How to use Kaggle API to download datasets in R

Luis Durazo
MCD-UNISON
Published in
2 min readNov 29, 2020

--

Kaggle has its own officially supported Python library to consume its API, this small tutorial is focused on doing a small portion of what that API can do in a very quick, very easy example for those who wish to automate dataset downloading in their own projects, specially those datasets that come bundled in a zip file, for datasets that have direct download please refer to the unofficial R API package.

TL;DR — Here's the code:

install.packages(c("devtools"))
devtools::install_github("ldurazo/kaggler")
library(readr)
library(kaggler)
kgl_auth(creds_file = 'kaggle.json')
response <- kgl_datasets_download_all(owner_dataset = "andrewmvd/violence-against-women-and-girls")

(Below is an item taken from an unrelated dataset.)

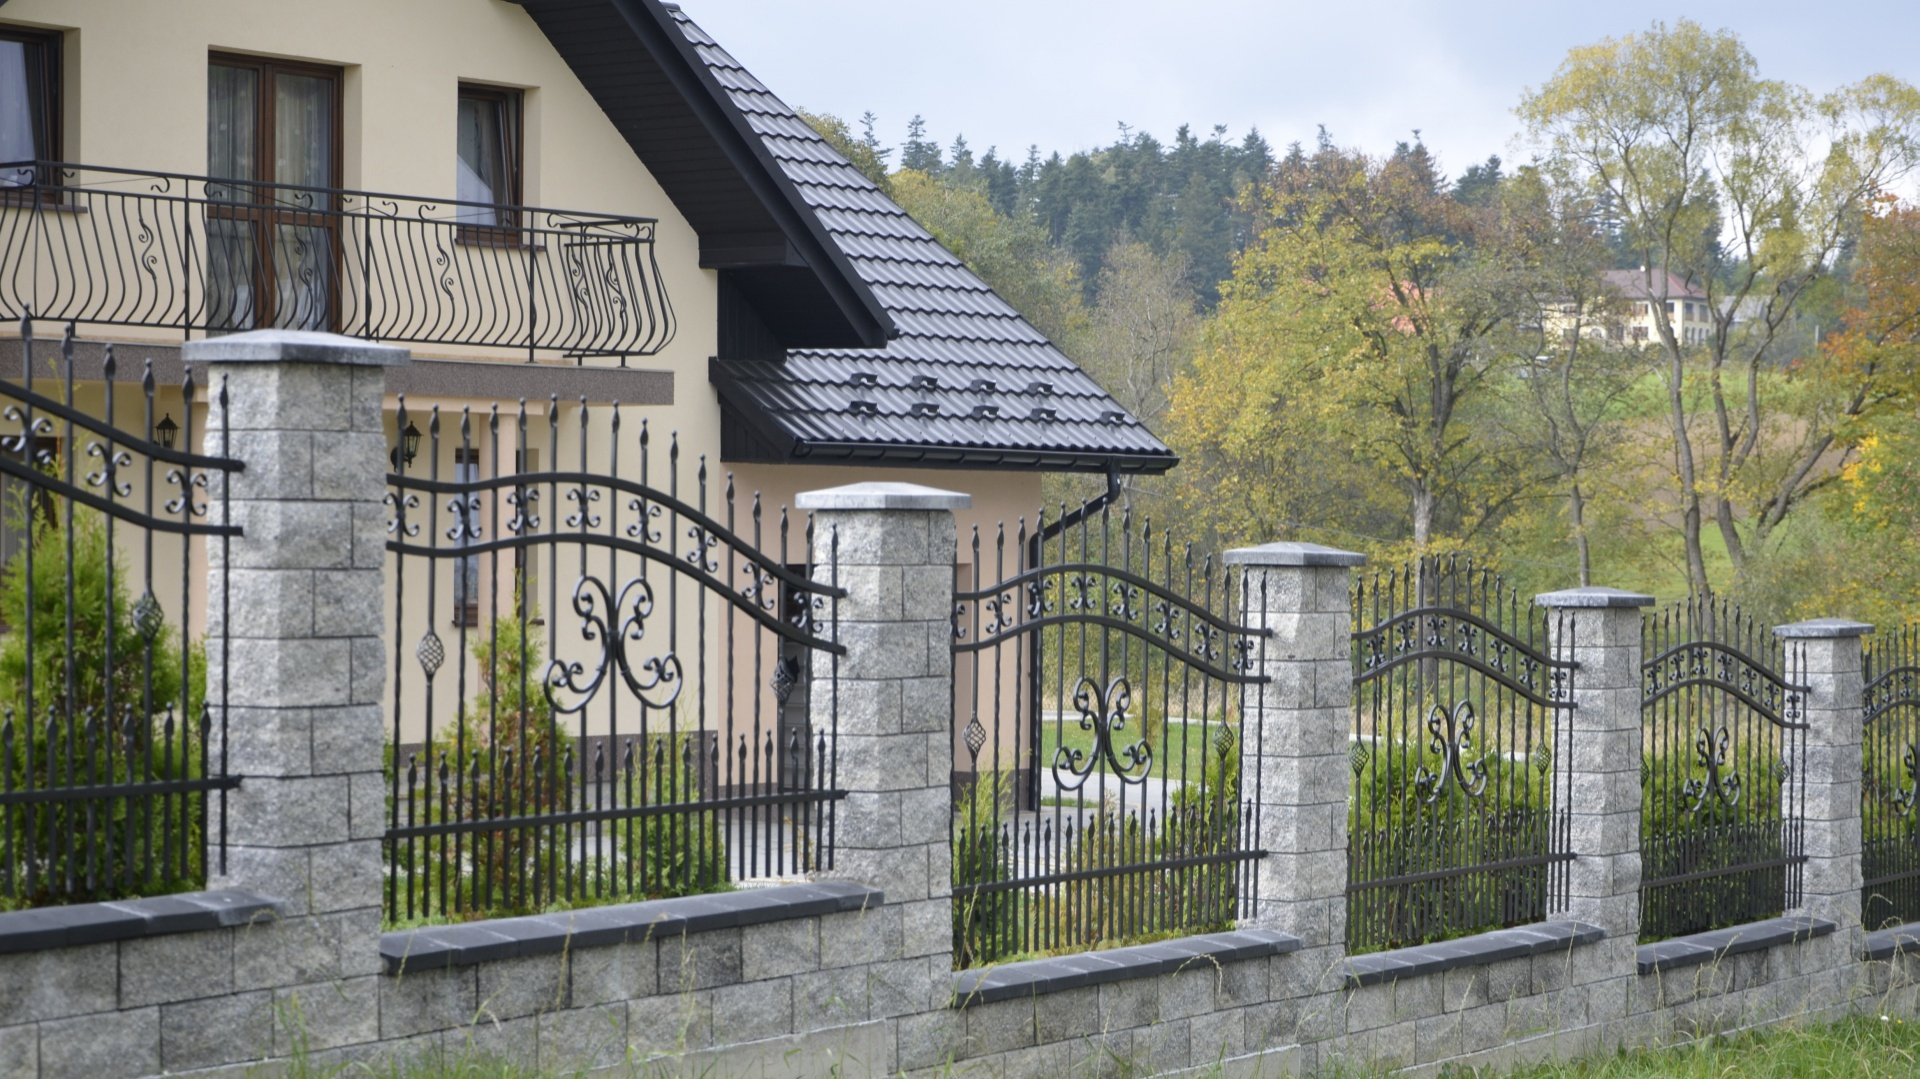 Ogrodzenia łupane GORC de Luxe GL38 są większym odpowiednikiem ogrodzenia betonowego GORC de Luxe GL22. Identyczna kolorystyka i faktura powierzchni w każdym z tych systemów ogrodzeniowych oraz ta sama wysokość elementów (16 cm) umożliwia łączenie ich w jedno ogrodzenie. Najbardziej popularnym rozwiązaniem jest zastosowanie słupków Gorc de Luxe GL38 oraz podmurówki Gorc de Luxe GL22. Ogrodzenie budowane w takim układzie nabiera dostojności i majestatu. Fot. Joniec.
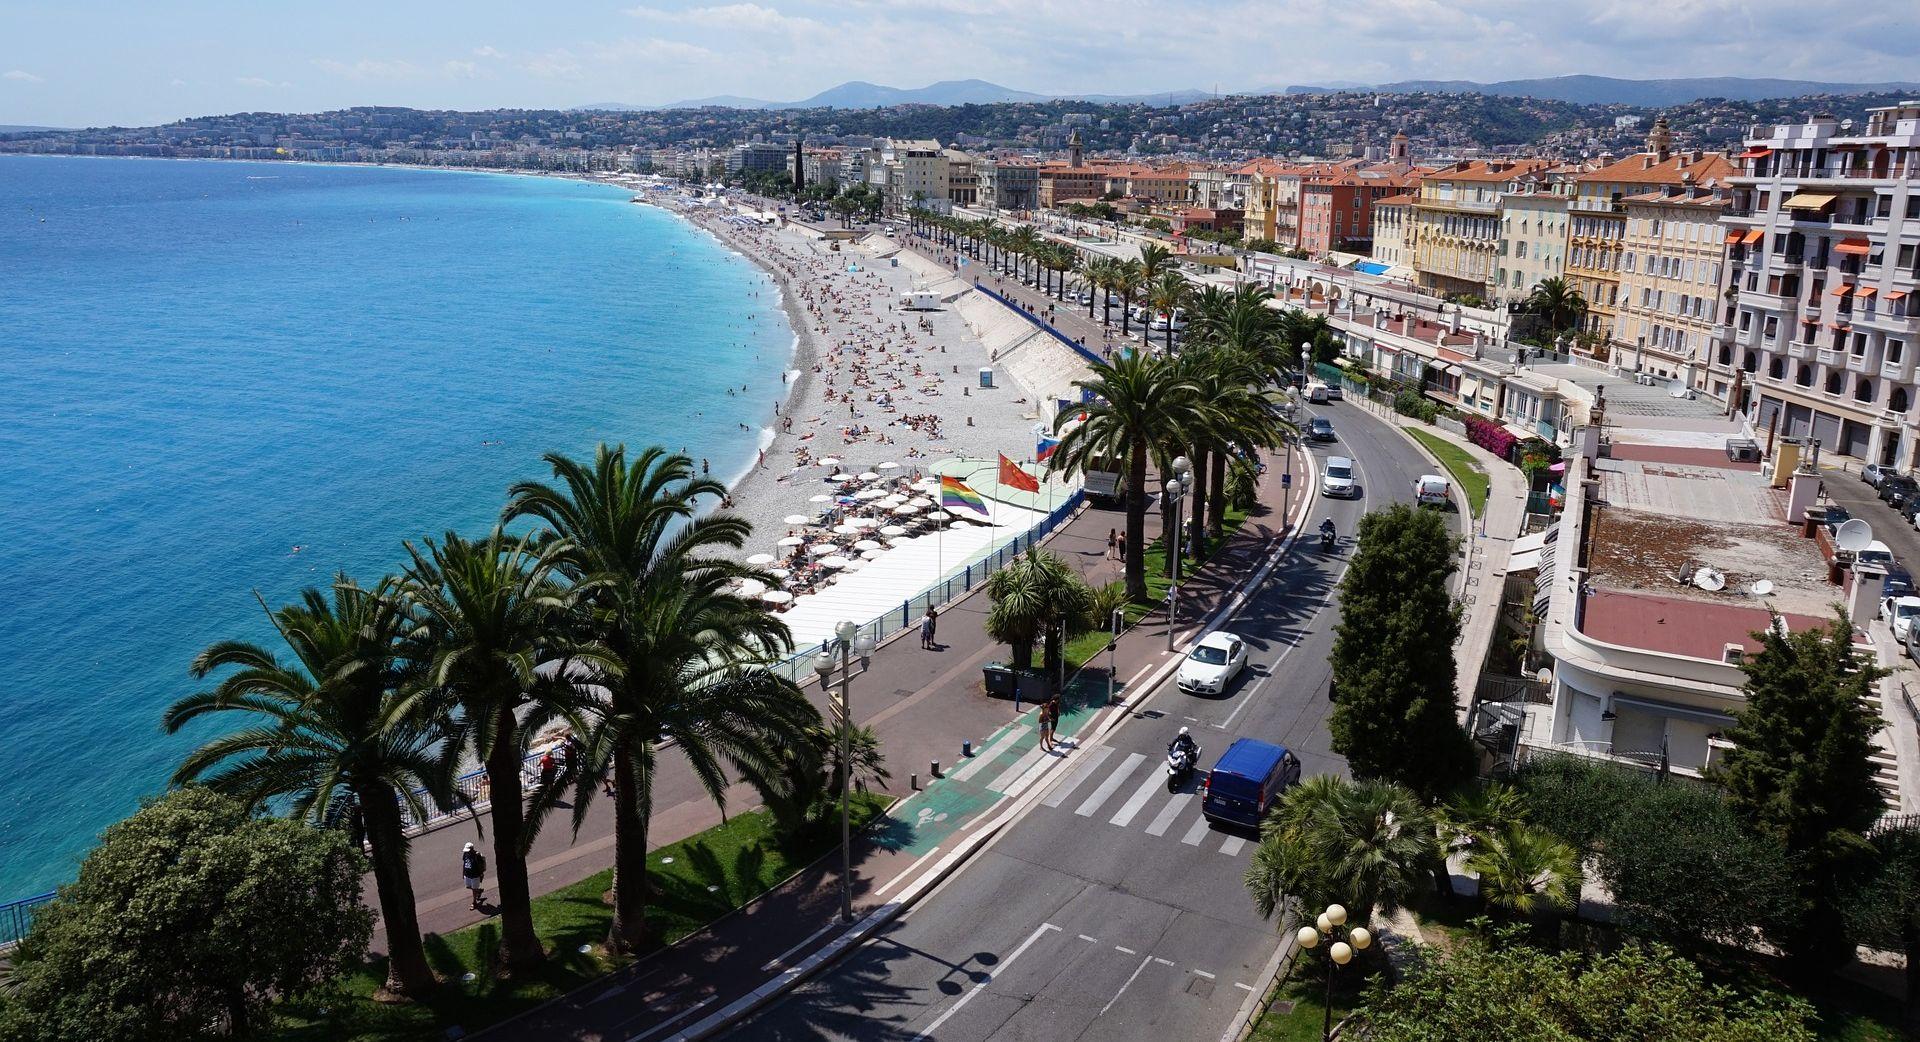 Napad na Nicu, mondeno središte Azurne obale

download.file(response[["url"]], "data/temp.zip", mode="wb")
unzip_result <- unzip("data/temp.zip", exdir = "data/", overwrite = TRUE)
violence_data <- read_csv("data/makeovermonday-2020w10/violence_data.csv")

Step by step guide:

Install devtools from CRAN:

install.packages(c("devtools"))

Then, with devtools install my fork of the unofficial R API library

devtools::install_github("ldurazo/kaggler")

The main difference between the original repository and my fork, is that I added a function that doesn't require you to specify the filename, so that if multiple files exist in the Kaggle resource you're trying to access, you get them all in a single zip file.

NOTE: I do not guarantee, and likely will not, maintain this fork in the future and as of today, I've requested to merge my fork into the main project, please see if this is supported in the original repository.

Next, we load the libraries and authenticate ourselves in the kaggle API

library(readr)
library(kaggler)
kgl_auth(creds_file = 'kaggle.json')

The kaggle.json files can be generated following this instructions in the official kaggle docs. (tl;dr go to account > create API token) it consists on a very simple json file with the username and your API key. the Kaggler library will take care of the rest in terms of authentication.

Next, to retrieve all files within a single resource, use my kaggler's fork function:

response <- kgl_datasets_download_all(owner_dataset = "andrewmvd/violence-against-women-and-girls")

Which will return a response object that contains a URL to Google Cloud Storage that contains the zipfile, the following lines ensure the retrieval, and extraction of it

download.file(response[["url"]], "data/temp.zip", mode="wb")unzip_result <- unzip("data/temp.zip", exdir = "data/", overwrite = TRUE)violence_data <- read_csv("data/violence_data.csv")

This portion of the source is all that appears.